Greg Bowers got the idea for the event through a combination of reading and personal friendships.

“I’d read about it on the Internet, Farm Journal and Successful Farming have had articles about it, and I thought it sounded like fun,” Bowers said. “Sam Johnson and Jerry Kline have done this in years past, just a Sunday afternoon ‘let’s get together’ kind of thing, so I talked with those guys and they said let’s do it.”

Kline was there with a 1949 John Deere B, and as with many of the participants, the tractor was linked to fond memories.

“That’s what I grew up on. I have an A that was on the family farm. This one was not, but we had a B just like this,” Kline said.

“There’s a story behind every tractor — that’s part of the fun of it,” Bowers said.

Johnson drove a 1949 Massey Ferguson TO 20 he purchased four years ago that he is still in the process of restoring.

“It’s something I’ve just always wanted to do,” Johnson said. “I don’t farm or anything. It gets a little use, but it’s just a toy.”

Dwight Kruse, who, had the newest tractor in the drive, a 1973 International, takes antique tractors seriously.

“I belong to an International Harvester colletors’ club,” Kruse said. “They had the national winter convention in Topeka three years ago. I didn’t take any tractors, but I went.”

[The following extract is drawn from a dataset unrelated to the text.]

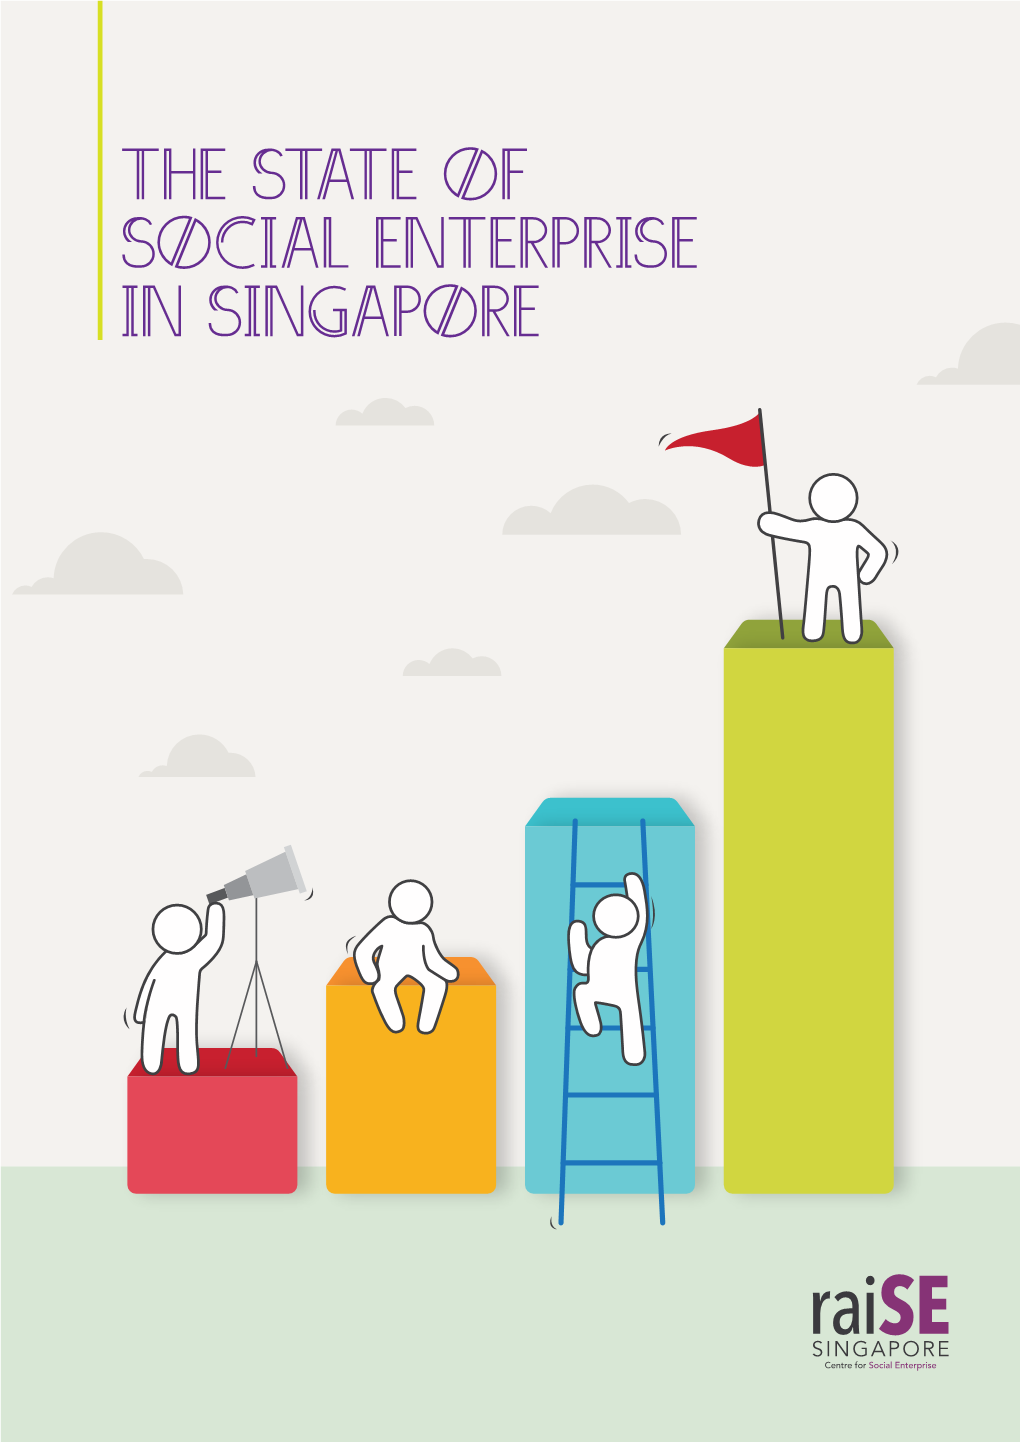 The State of Social Enterprise in Singapore

Participating in the drive was a last-minute decision for Daryl and Pat Enos. Both have old tractors, but neither of them were running. Daryl borrowed a 1940s-vintage Ford 8N tractor from his father, Eugene Enos, that he drove in the event.

Senior stops

Bowers worked two stops into the route, pausing briefly in front of Marion Assisted Living, and then an extended stop at St. Luke Living Center, where the drivers got off the tractors and interacted with residents.

“It was kind of neat. There were about three of them that I grew up on,” Living Center resident Don Buethe said.

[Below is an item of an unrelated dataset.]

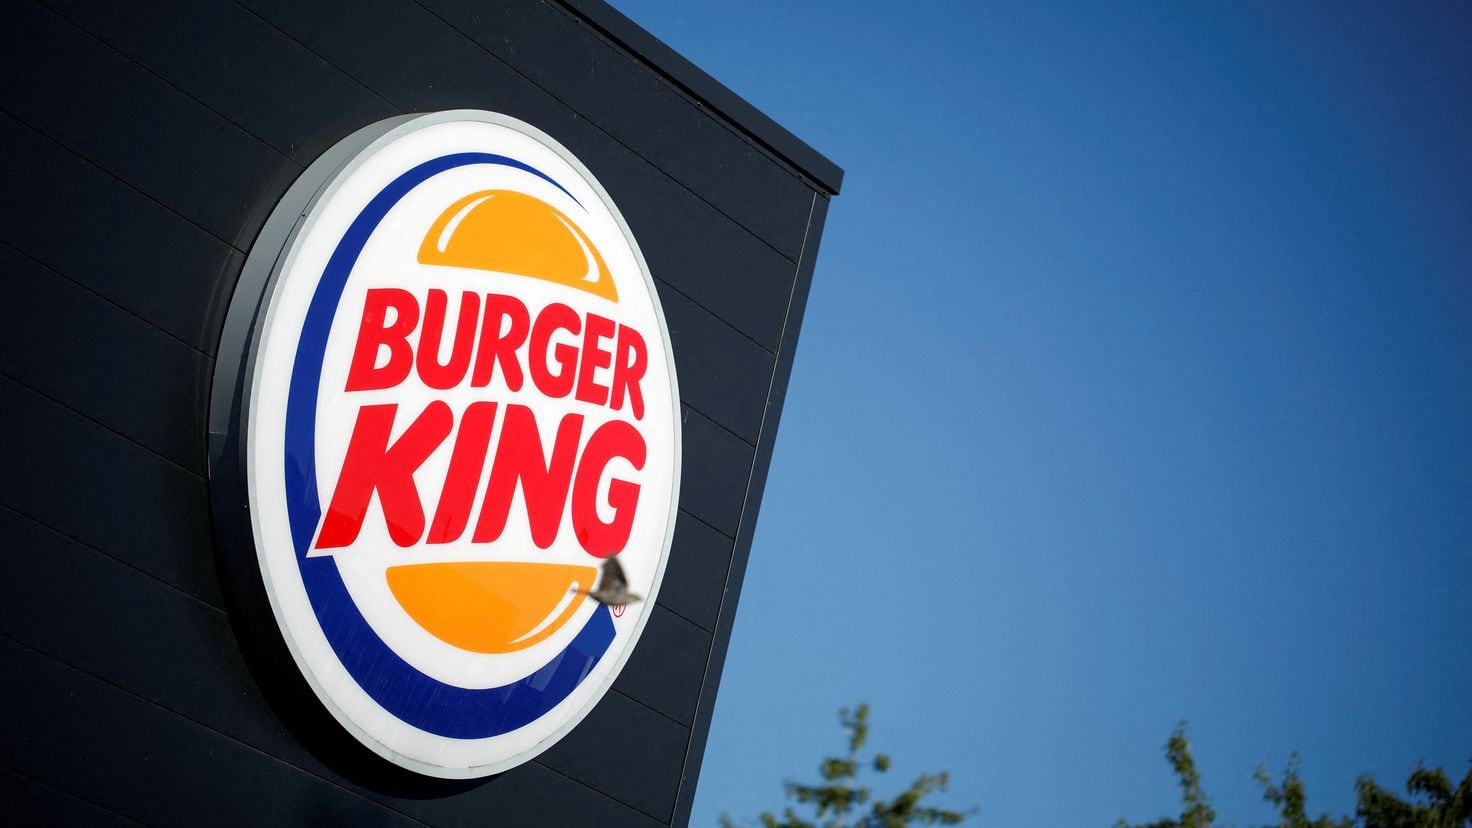 Burger King restaurant closings: The fast-food chain is on its way to close up to 400 locations in 2023

Seeing the antique tractors brought back many memories for Buethe, including the first rubber-tired tractor his family owned, a 1939 International H.

“I remember getting on that and driving down the road at 20 miles an hour. Before that tractors only went 5 mph. What a thrill for a 14-year-old boy to get on a tractor like that,” Buethe laughed.

Resident Ivanlee Timm recalled the days of steel-wheeled tractors as well.

“I used to have an old John Deer GP. It was still on steel wheels, before the war,” Timm said.